Content starts

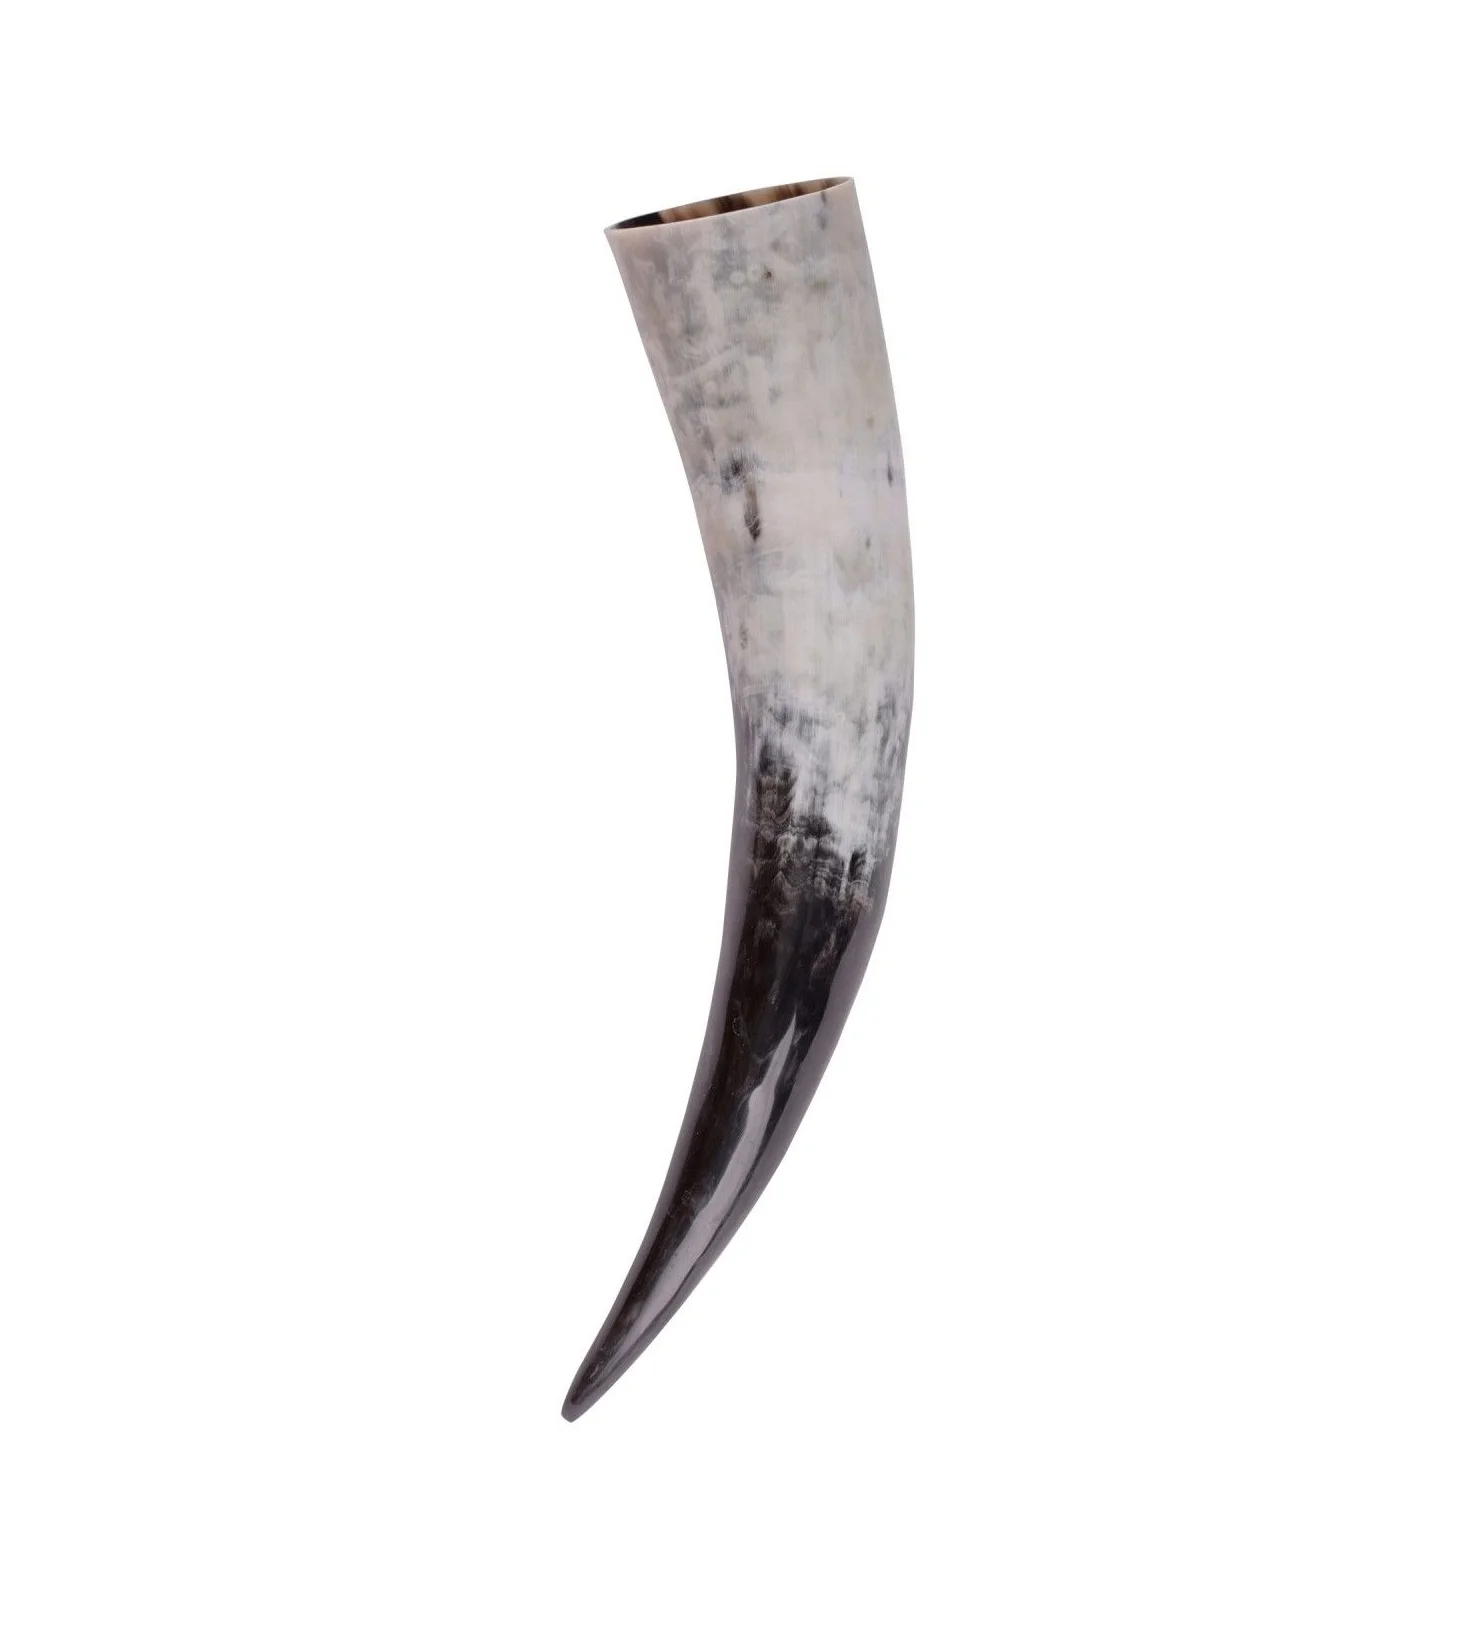 We sell product with good quality and price Custom Sized Buffalo/OX Drinking Horn
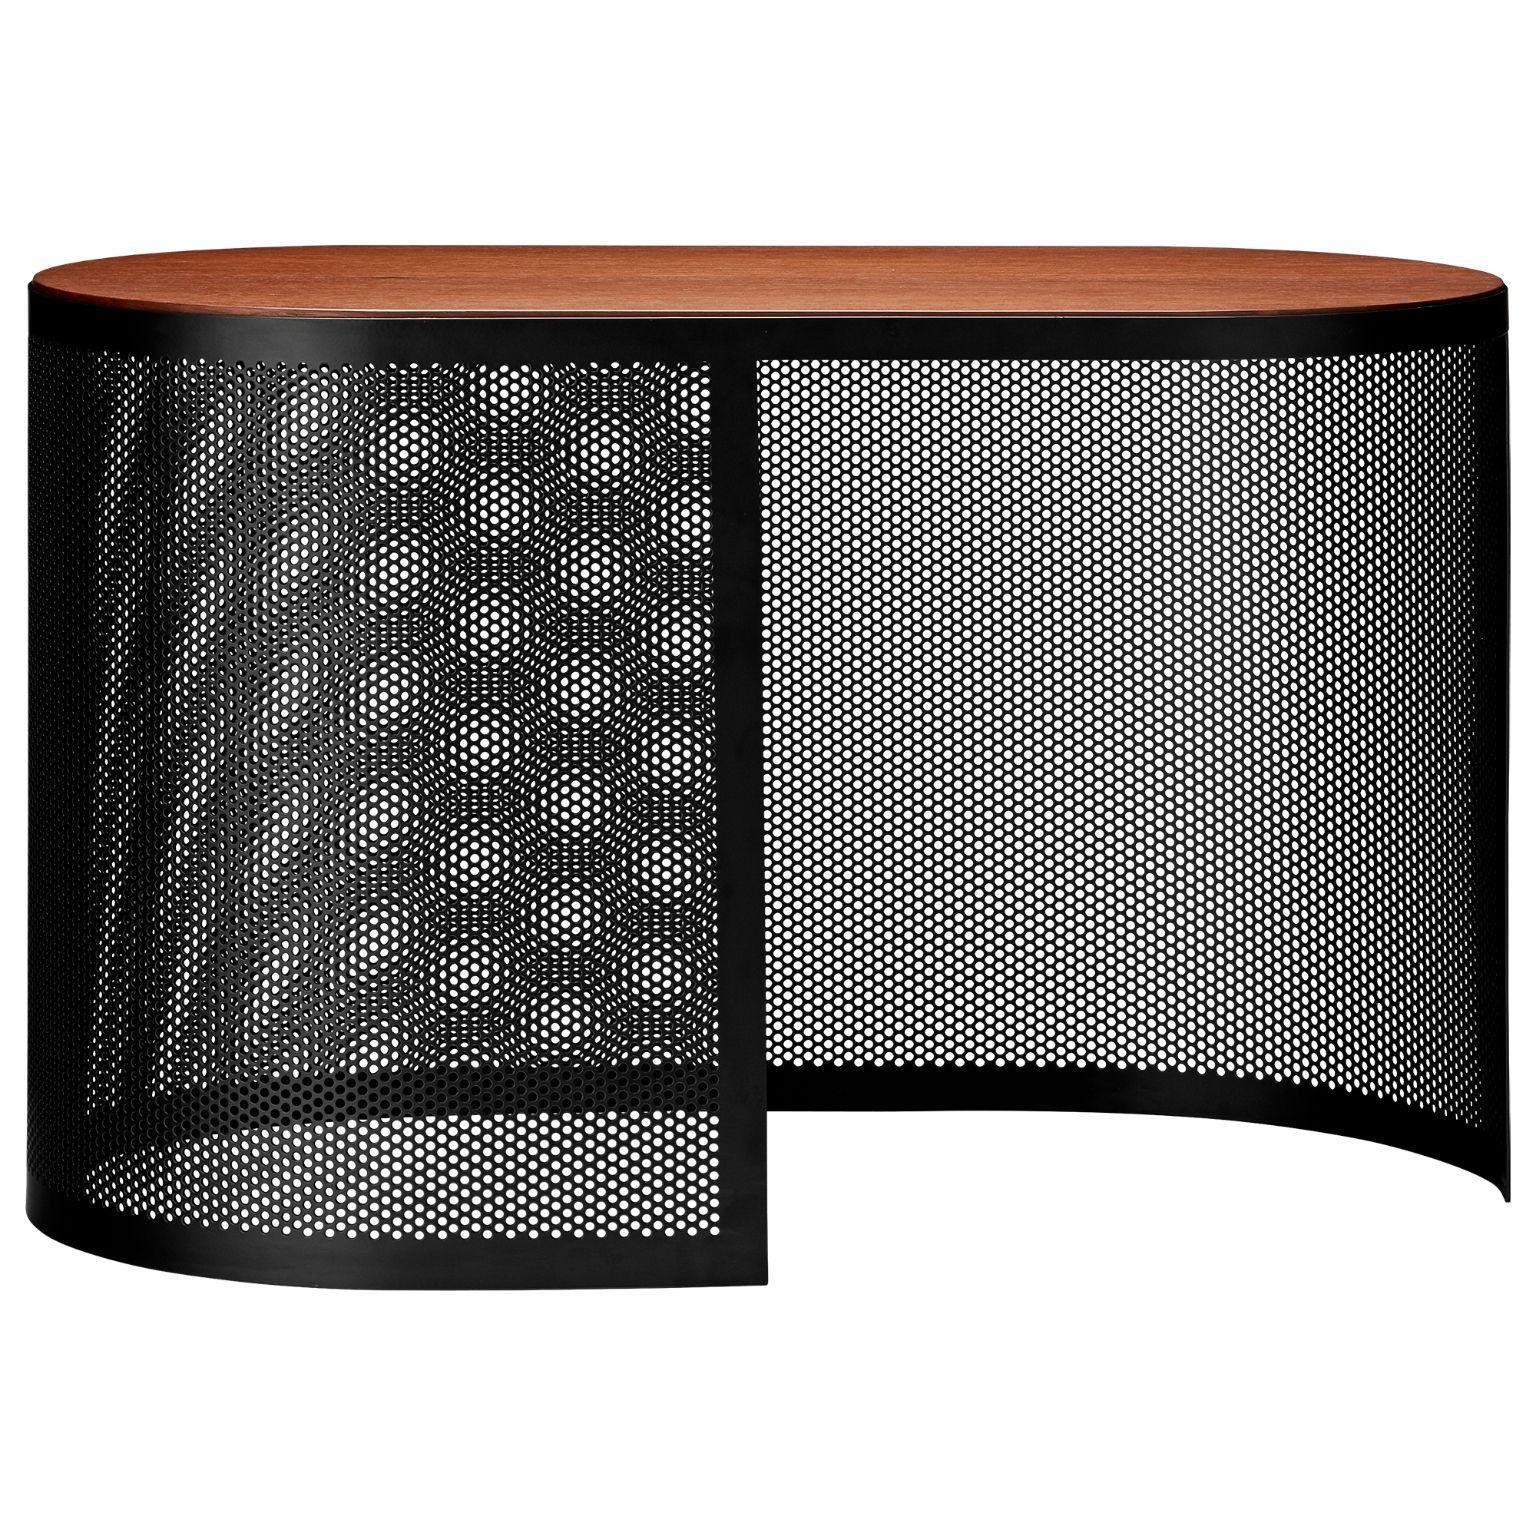 Walnut and steel contemporary side table
Dimensions: L 70 x W 35 x H 43.3 CM
Materials: Steel, MDF with walnut veneer 

This tables can be placed in any room that calls for extra creative space. They are made of perforated metal in black and

Content ends

Without the pictures, reproduce every record exactly as it appears above.

 We sell product with good quality and price Custom Sized Buffalo/OX Drinking Horn
 Walnut and steel contemporary side table
Dimensions: L 70 x W 35 x H 43.3 CM
Materials: Steel, MDF with walnut veneer 

This tables can be placed in any room that calls for extra creative space. They are made of perforated metal in black and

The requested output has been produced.